Grave Secrets
- First edition (US)
- Author: Kathy Reichs
- Language: English
- Series: Temperance Brennan
- Genre: Crime
- Publisher: Scribner (US) Heinemann (UK)
- Publication date: 2002
- Publication place: United States
- Media type: Print (hardback & paperback)
- Pages: 448
- ISBN: 978-0-09-930730-3
- Preceded by: Fatal Voyage
- Followed by: Bare Bones

= Grave Secrets =

2002 novel by Kathy Reichs

Grave Secrets is the fifth novel by Kathy Reichs starring forensic anthropologist Temperance Brennan.

==Plot==
Brennan is searching for human remains in mass graves in Guatemala when two colleagues are ambushed and shot.
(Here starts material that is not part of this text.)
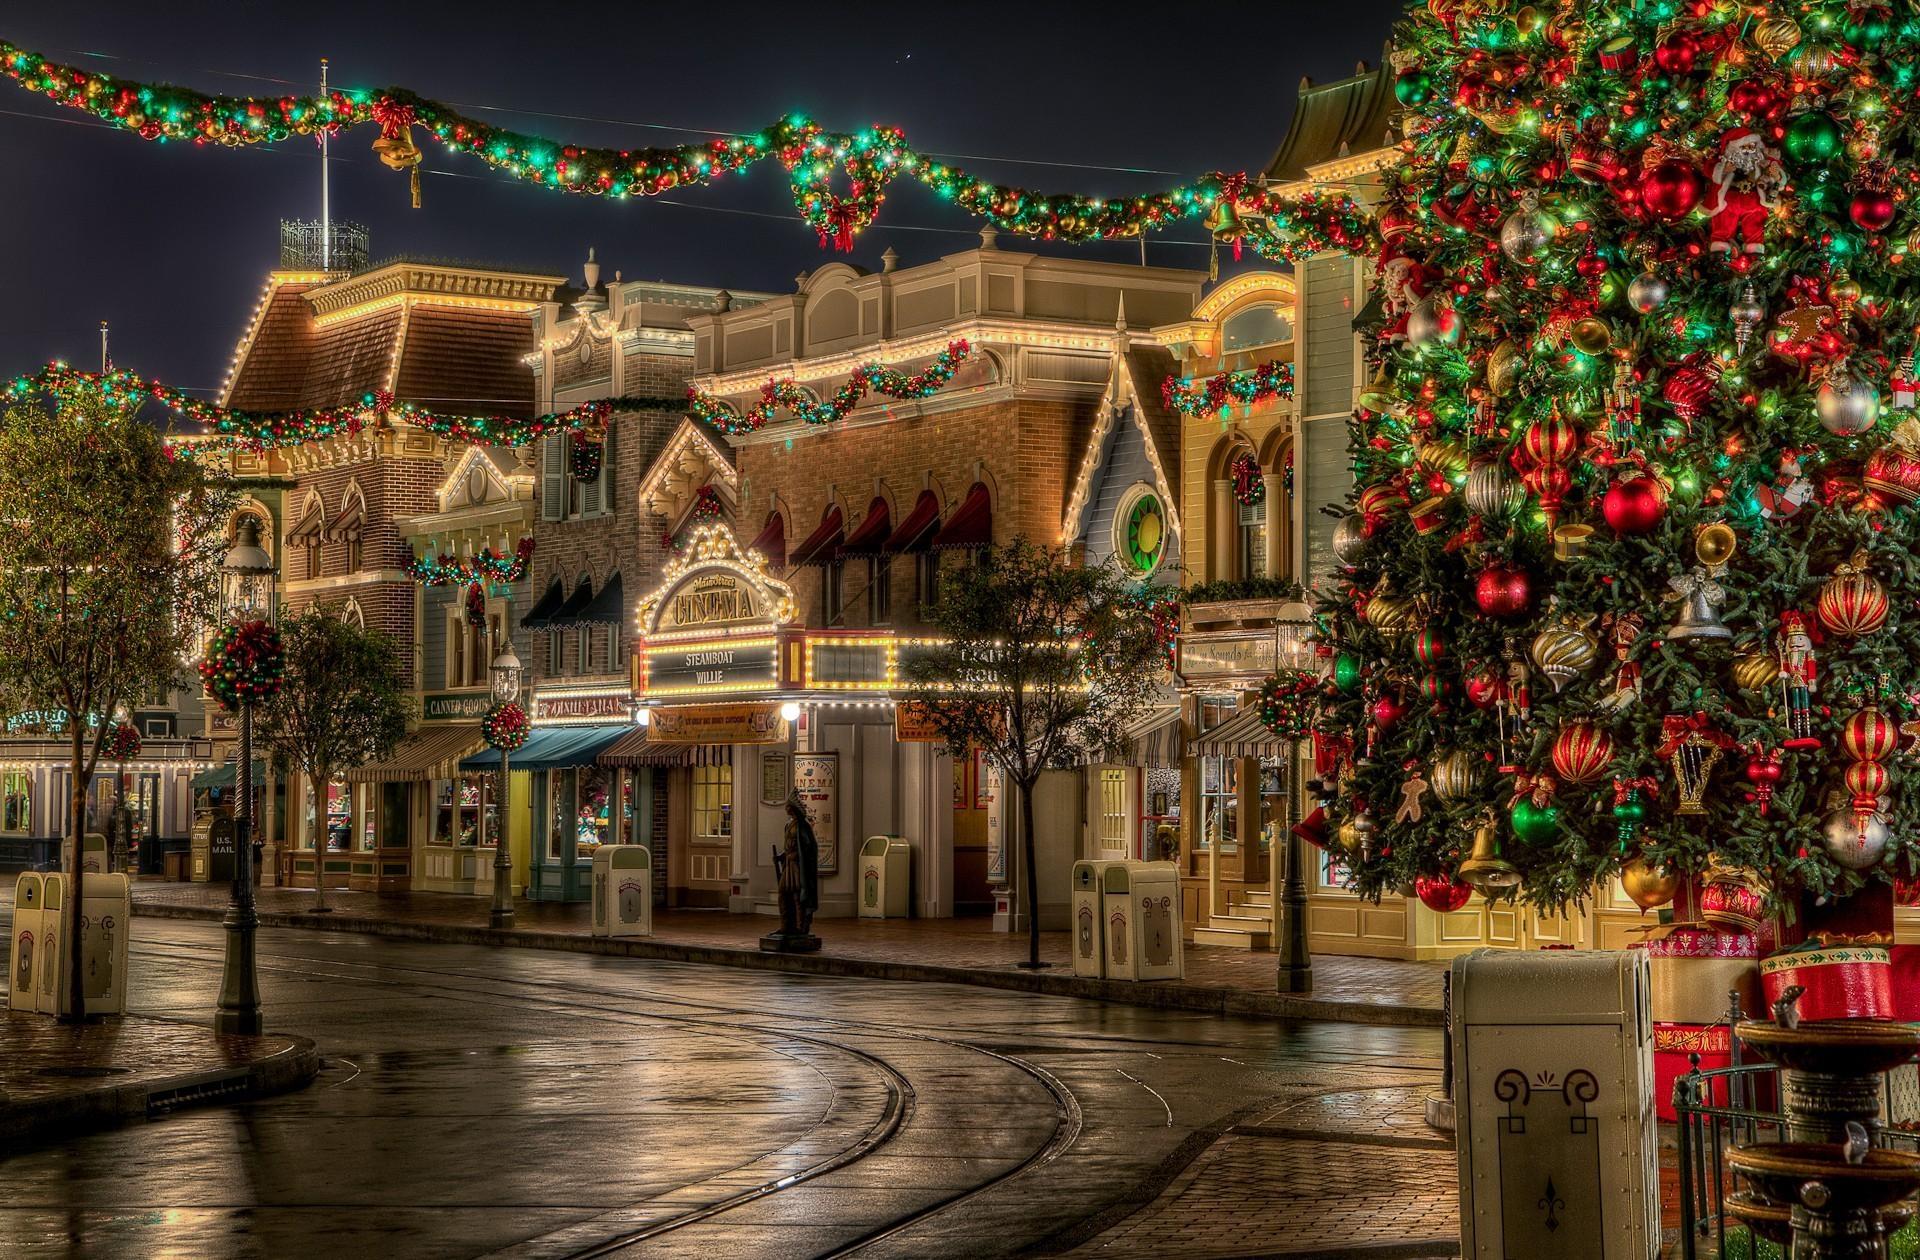 Sfondi Paesaggi Natalizi.Sfondi Strada Paesaggio Urbano Notte Vacanza Luci Di Natale Albero Bellezza I Regali Decorazione Natalizia 1920x1260 4kwallpaper 699000 Sfondi Gratis Wallhere

Meanwhile, Sergeant-detective Bartolome "Bat" Galiano of the Guatemala National Civil Police seeks her help in identifying remains found in a septic tank behind a run-down hotel in Guatemala City; could it be one of four young women reported missing, one of whom is the daughter of the Canadian ambassador? Why does the District Attorney confiscate the remains? And what is the link to the American President's recent ruling on stem cell research? With would-be lover Andrew Ryan becoming involved due to the Canadian link, and he and Galiano competing for her affections, Brennan tries to find out what happened to the missing girls and who is trying to stop her doing so.

== Reception ==
Publishers Weekly praised the author by stating "the author keeps the twists coming, and by the novel's climax, she has skillfully interwoven her many subplots and red herrings into a satisfying puddle of sex, sleaze, greed and gore."

However Kirkus Reviews delivered an opposing opinion declaring "the impossibly busy plot, linking every felony in the Western Hemisphere over a generation, clogs Tempe’s fifth (Fatal Voyage, 2001, etc.) as badly as that septic tank."